Decided: August 23, 2018

Before DAVIS, HAYNES and GRAVES, Circuit Judges. Kathryn Rumsey, James Wesley Hendrix, Assistant U.S. Attorney, U.S. Attorney's Office, Northern District of Texas, Dallas, TX, for Plaintiff-Appellee Kevin Joel Page, Federal Public Defender's Office, Northern District of Texas, Dallas, TX, for Defendant-Appellant

Jimmy Walter Fuentes pleaded guilty to illegal reentry into the United States, in violation of 8 U.S.C. § 1326(a), (b)(1), and was sentenced to 30 months of imprisonment. On appeal, Fuentes argues that the district court’s judgment incorrectly reflected that he violated § 1326(b)(2). Thus, he claims that the court believed the statutory maximum sentence to be 20 years, rather than 10 years, and there was “a reasonable probability of a different outcome” had the court known of the correct statutory maximum. The Government argues that the record does not show that any incorrect understanding of the statutory maximum influenced the court’s sentence, but it concedes that the judgment incorrectly reflects that Fuentes violated § 1326(b)(2). Accordingly, it asks this court to reform the judgment to show that Fuentes was convicted under § 1326(b)(1).

Because Fuentes did not object to the judgment’s reference to § 1326(b)(2), this court’s review is for plain error.

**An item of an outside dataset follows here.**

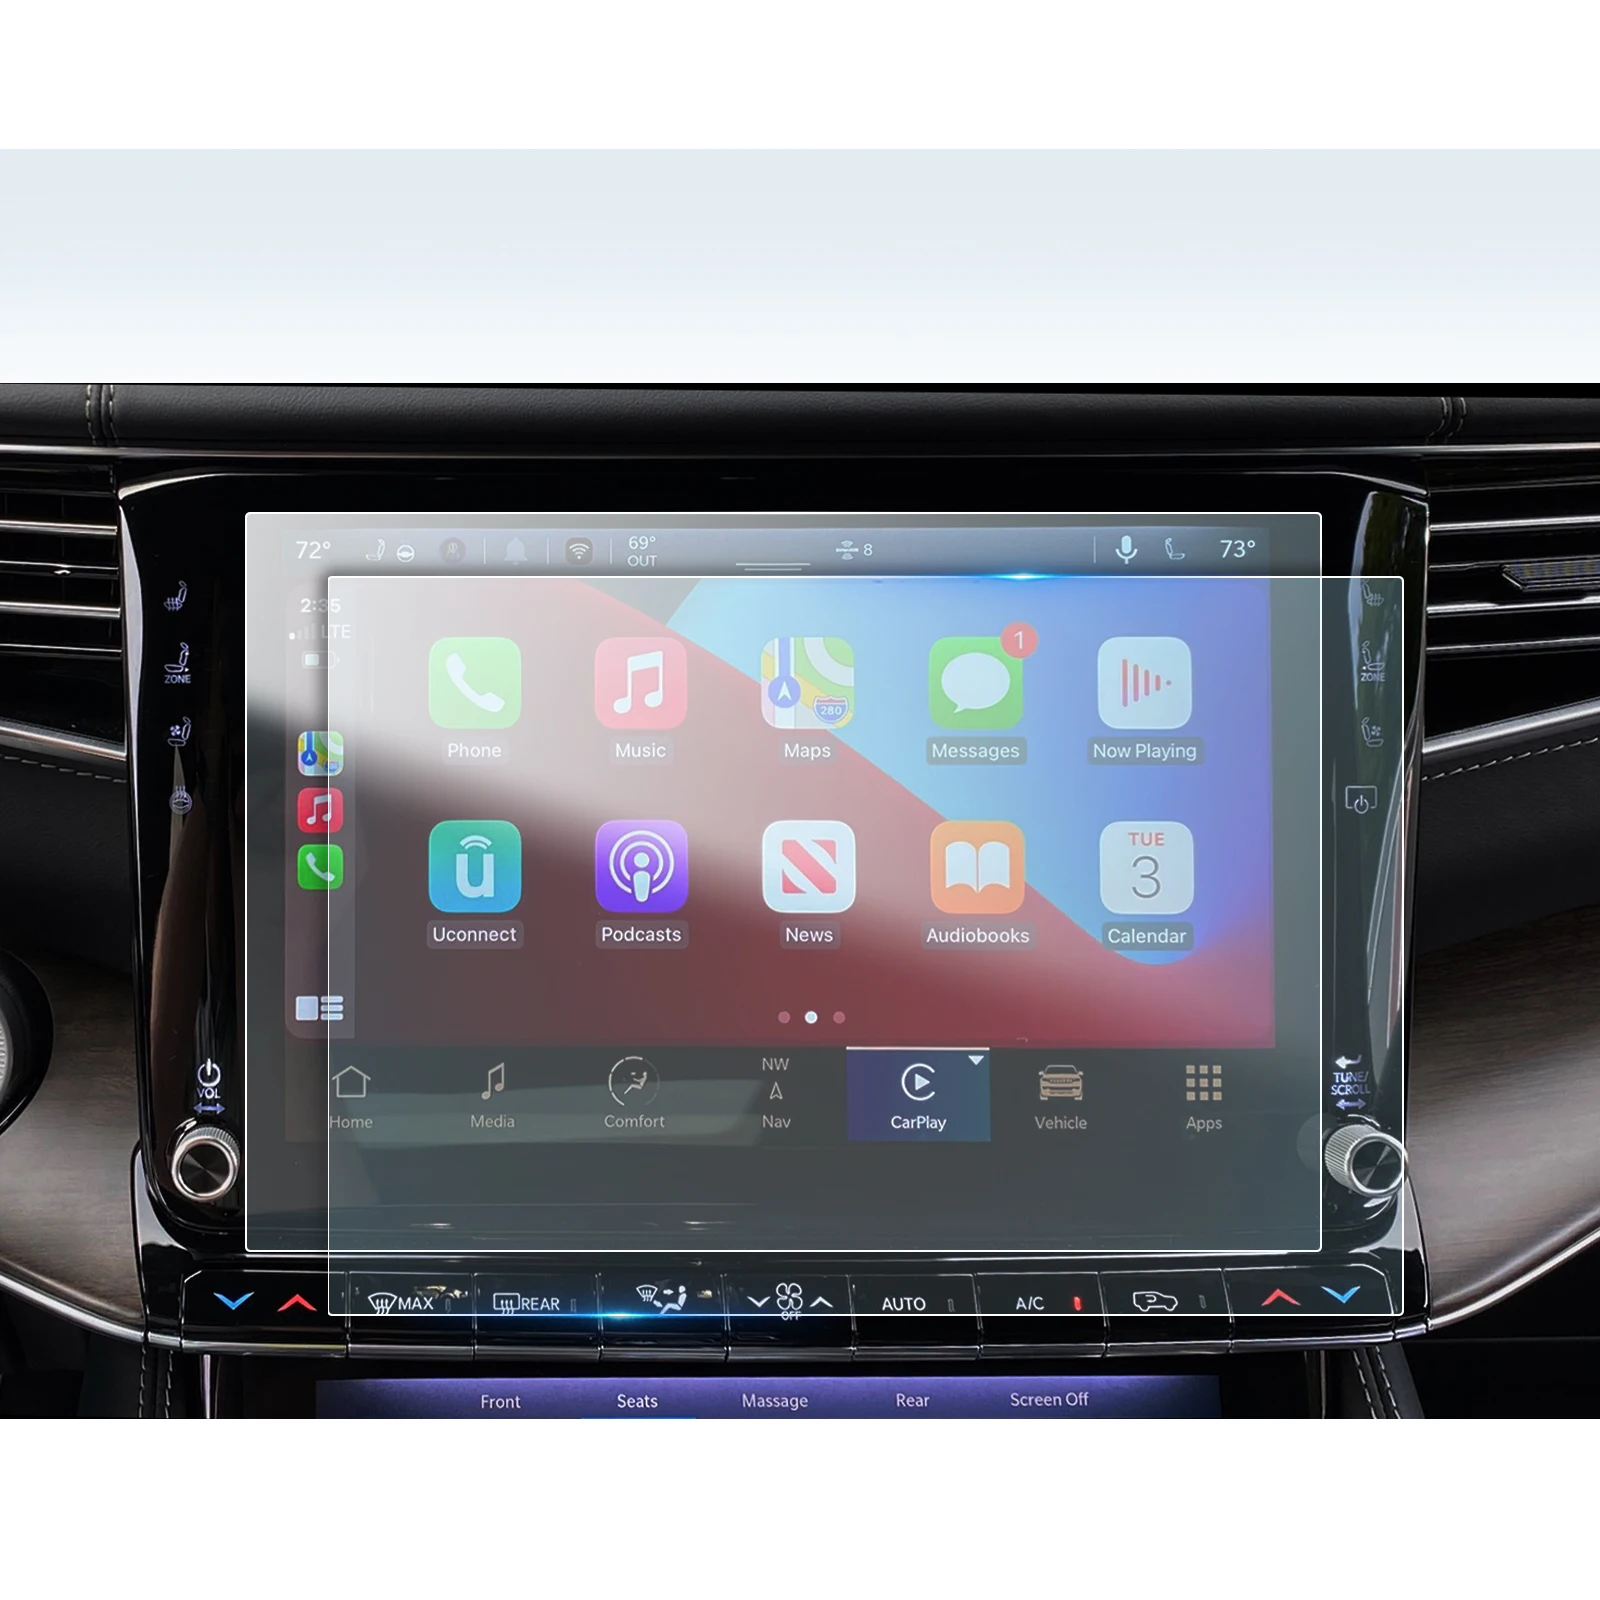 

LFOTPP PET Защита экрана для Bronco 12 дюймов 2021 Автомобильный мультимедийный радиодисплей авто аксессуары для интерьера 261*163 мм 2 шт

See United States v. Mondragon-Santiago, 564 F.3d 357, 368 (5th Cir. 2009). To establish plain error, Fuentes must show a forfeited error that is clear or obvious and that affected his substantial rights. See Puckett v. United States, 556 U.S. 129, 135, 129 S.Ct. 1423, 173 L.Ed.2d 266 (2009). If he makes such a showing, this court has the discretion to correct the error but only if it seriously affects the fairness, integrity, or public reputation of judicial proceedings. Id. The parties do not dispute that the court plainly erred by referencing § 1326(b)(2) in the judgment. As for whether the error affected Fuentes’s substantial rights, nothing in the record suggests that the 20-year maximum sentence for a violation of § 1326(b)(2) influenced the district court’s sentencing decision. Moreover, Fuentes’s 30-month sentence did not exceed the 10-year statutory maximum under § 1326(b)(1). See Mondragon-Santiago, 564 F.3d at 366-69.

Accordingly, the judgment is AFFIRMED but REFORMED to reflect conviction and sentencing under § 1326(b)(1).

FOOTNOTES

FOOTNOTE.  

PER CURIAM: * FN* Pursuant to 5th Cir. R. 47.5, the court has determined that this opinion should not be published and is not precedent except under the limited circumstances set forth in 5th Cir. R. 47.5.4.